* Assignment *
Copy out all the lines of the data precisely, omitting any pictures.

* Data excerpt *

══════

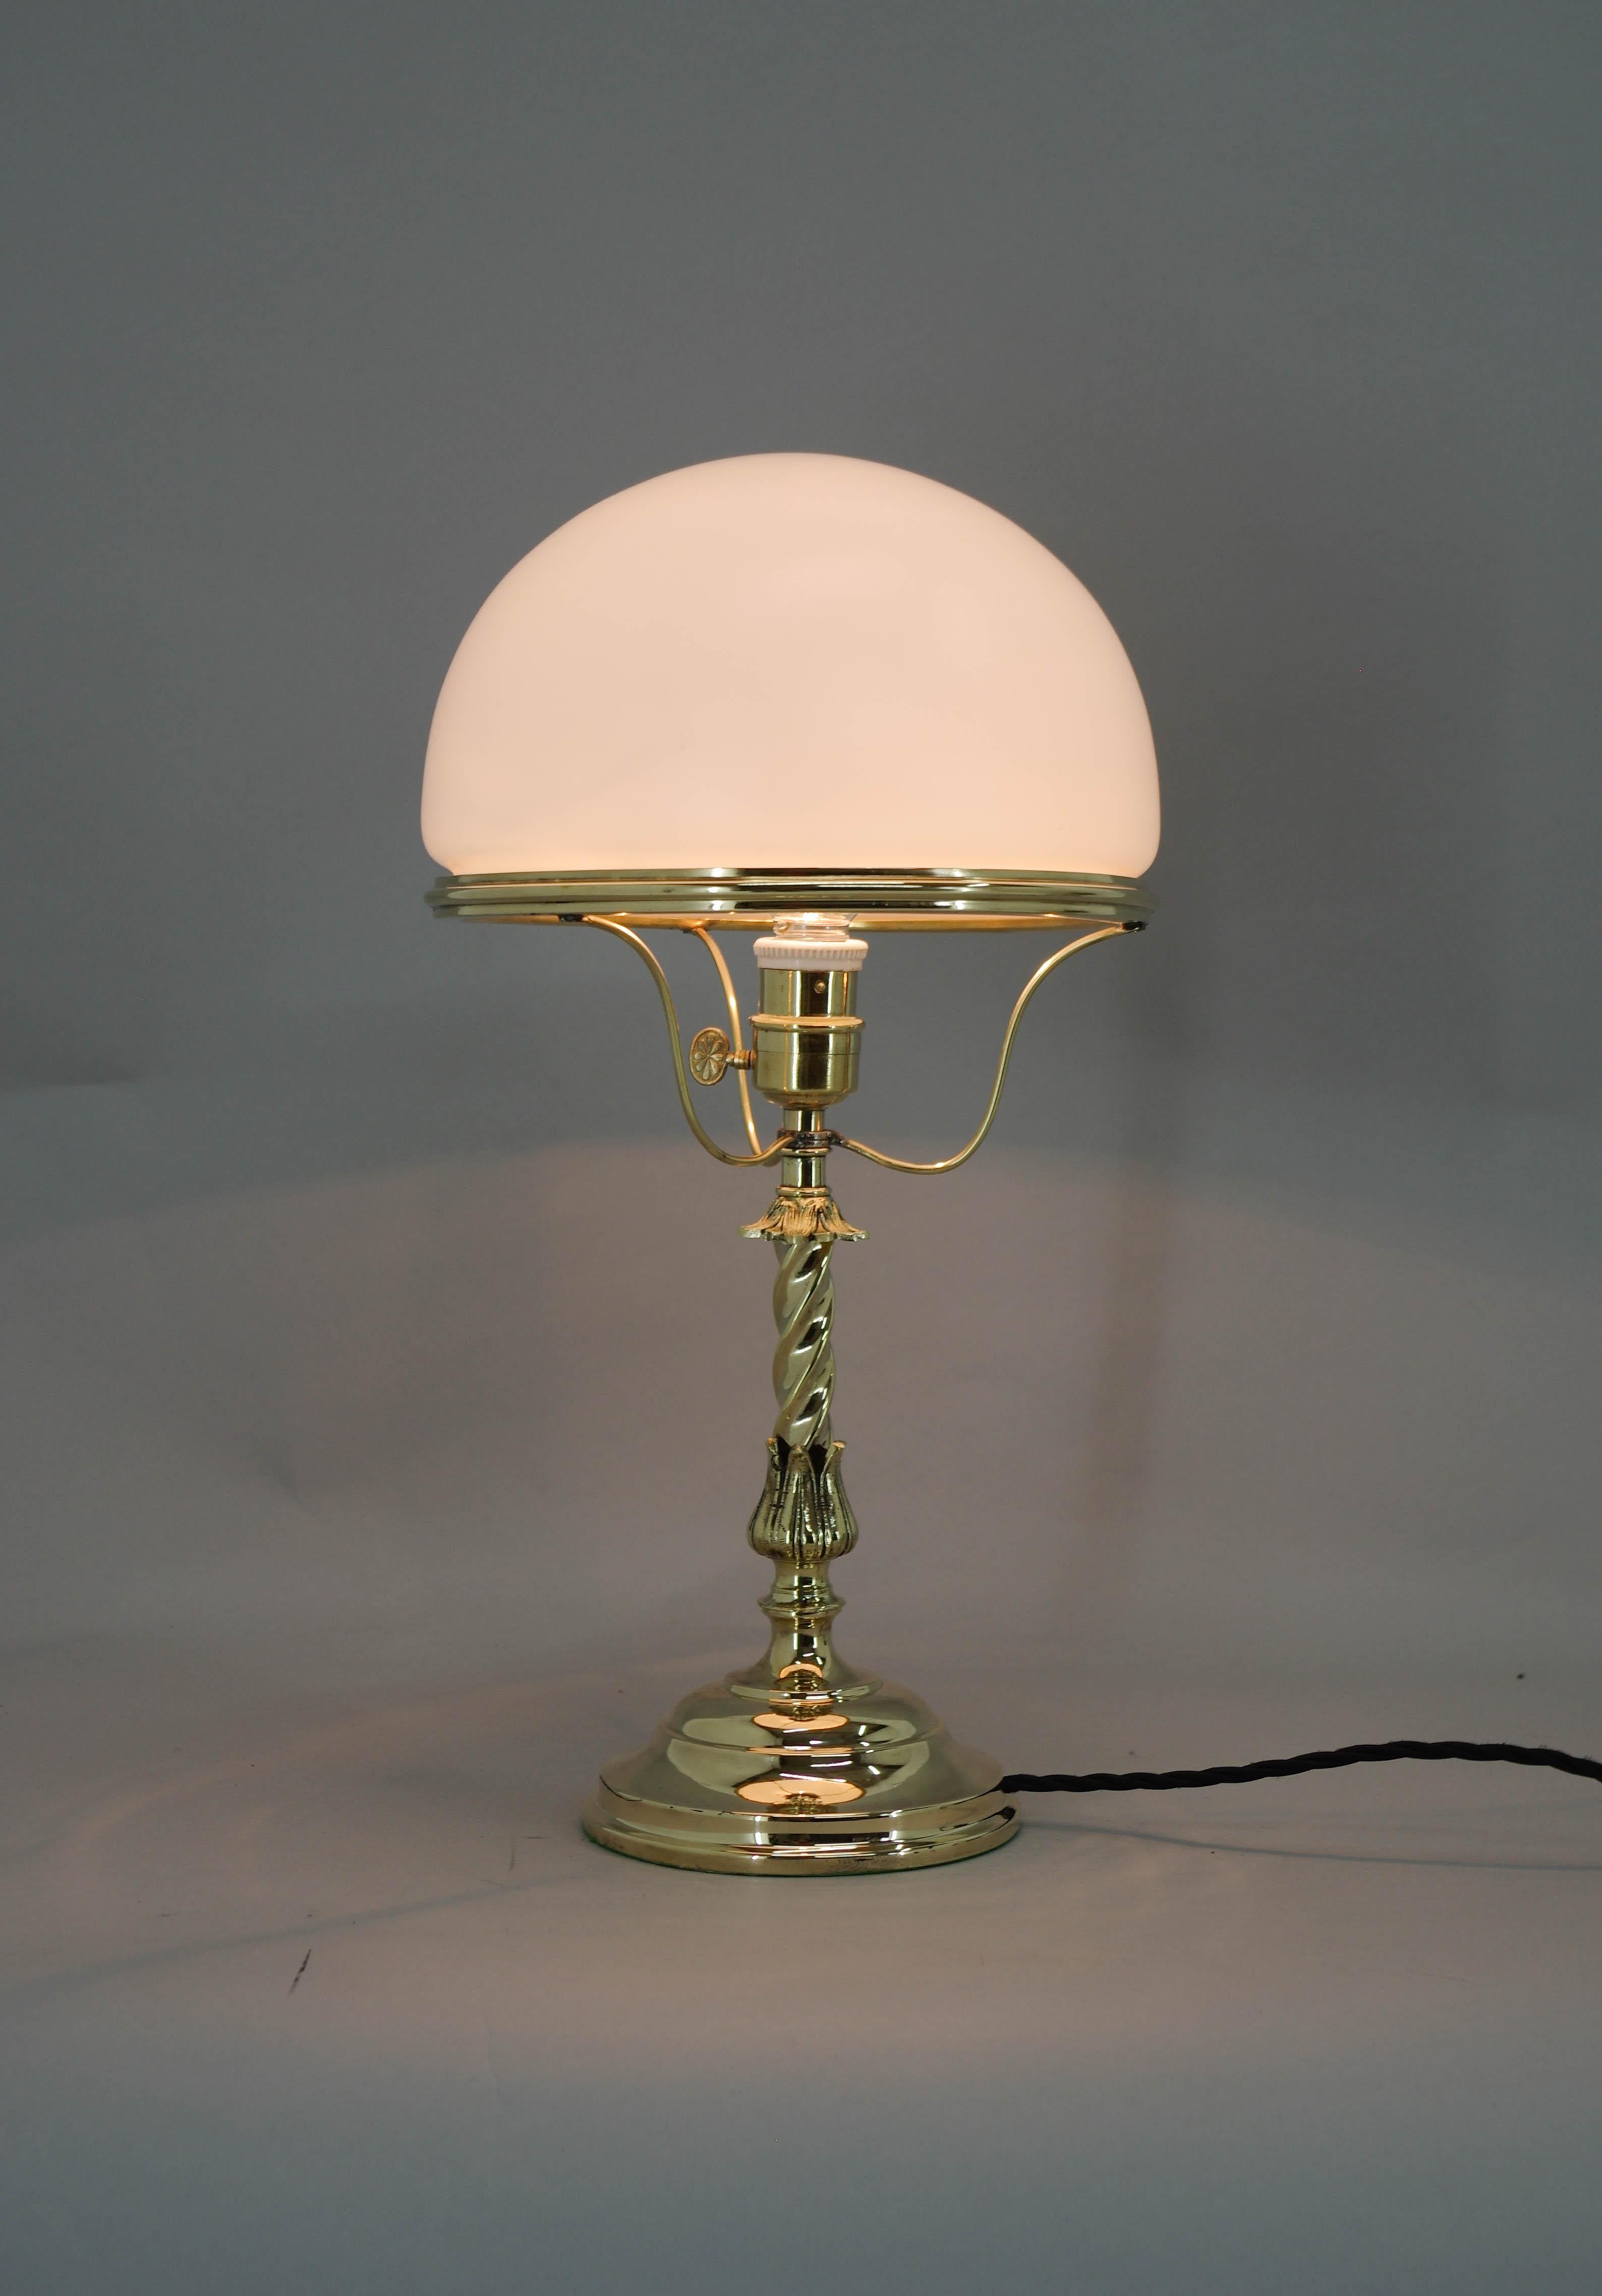 Art Nouveau table lamp made in Austria in 1910s.
Restored: cleaned, polished, rewired
1x40W, E25-E27 bulb
US plug adapter included

══════

* Task output *
 Art Nouveau table lamp made in Austria in 1910s.
Restored: cleaned, polished, rewired
1x40W, E25-E27 bulb
US plug adapter included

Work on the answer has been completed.